Palo Alto is my number one choice for firewalls. I support and utilize more Palo Alto firewalls throughout my company and with my customers than any other device. Number two would be Fortinet. I don't really like Fortinet that that much because it is not as secure as Palo Alto, but I have customers who want to use it because it is a lot less expensive. Number three is Cisco Meraki, which I obviously don't like, but people request that because the Cisco name is very popular and a lot of other people are using it. I couldn't recommend against choosing a device more than choosing it by name instead of functionality.
Palo Alto invented the method of looking at the application identifier in each packet and making a decision. For instance, many companies may want to do something like prohibiting all chat applications with the exclusion of whatever application the company is choosing to use. Let's say the company is using IP Communicator for customers and for employees to chat with each other, but the company wants to block Skype.
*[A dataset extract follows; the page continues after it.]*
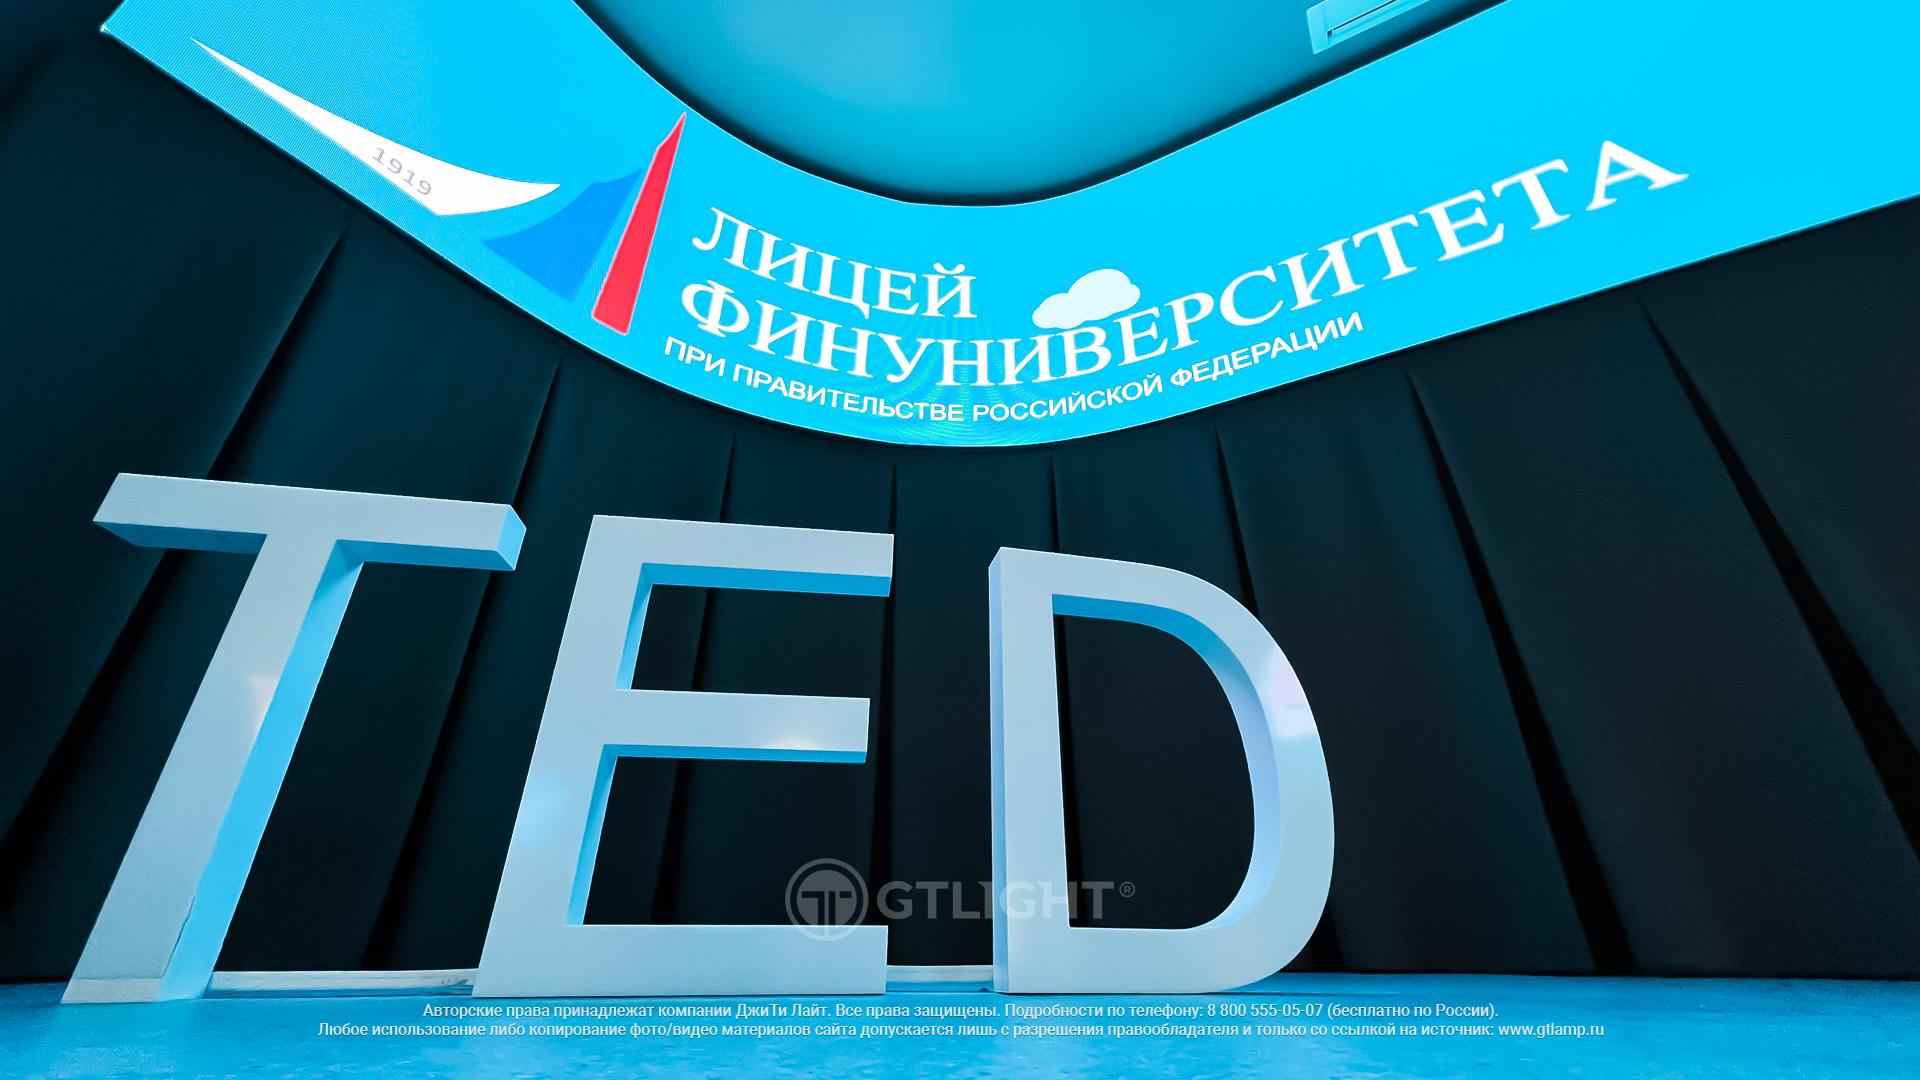 Гибкий светодиодный экран для актового зала, Москва, Финансовый университет, фото 5

The reason why might be because they don't want anybody bringing up a Skype call, sharing information via that Skype call, or maybe turning on a Skype call and letting other people see inside the facility. Skype has a very interesting platform in which you block one IP address on the Skype server and it allows another one. You block Skype.com and it creates another URL. Skype loves to get in and around simple security steps. Palo Alto is phenomenal because it takes a look at the application identifier within each packet and will find that it is Skype and block it. If you want to block AOL Instant Messenger, you just block it. Anything out there you don't want employees to use can just be blocked by referencing the identifier.
Netflix is another one that seems to find it's way into corporate networks. It is normal not to want employees sitting around watching movies. The Palo Alto will find out that someone is trying to access a Netflix movie and block it. Then it can also send an email to alert different people of the activity. You could set it up so that when something like that happens, an email goes to the director of IT to say, "Hey, this person may be trying to access Netflix." You may want it to just block the access type and forgo the alert. Or you can block the activity and alert anyone you want that someone appears to have tried to subvert security. The idea of this type of security measure isn't just to lay blame and get people fired, it is to identify different types of breaches and why they occur. It could be that a potential breach requires a sit-down conversation with the persons involved. But the truth is that many malicious sites — like adult related websites, platforms like gambling sites, obviously hacking-related sites, violence or gore — are loaded with malware. You don't want that on your computer, and your employer doesn't want it on the network either. It is just as bad as bringing a device to work and allowing that device to be connected to the network without protection as that is just another potential malware exposure.
Another beautiful thing with Palo Alto is that they have Wildfire. Wildfire can prohibit malware in either direction. Malware is not going to get into the network via a customer or a user surfing and it is not going to get out and affect the network and spread around via a user's BYOD (Bring Your Own Device) that got infected while he was working at home.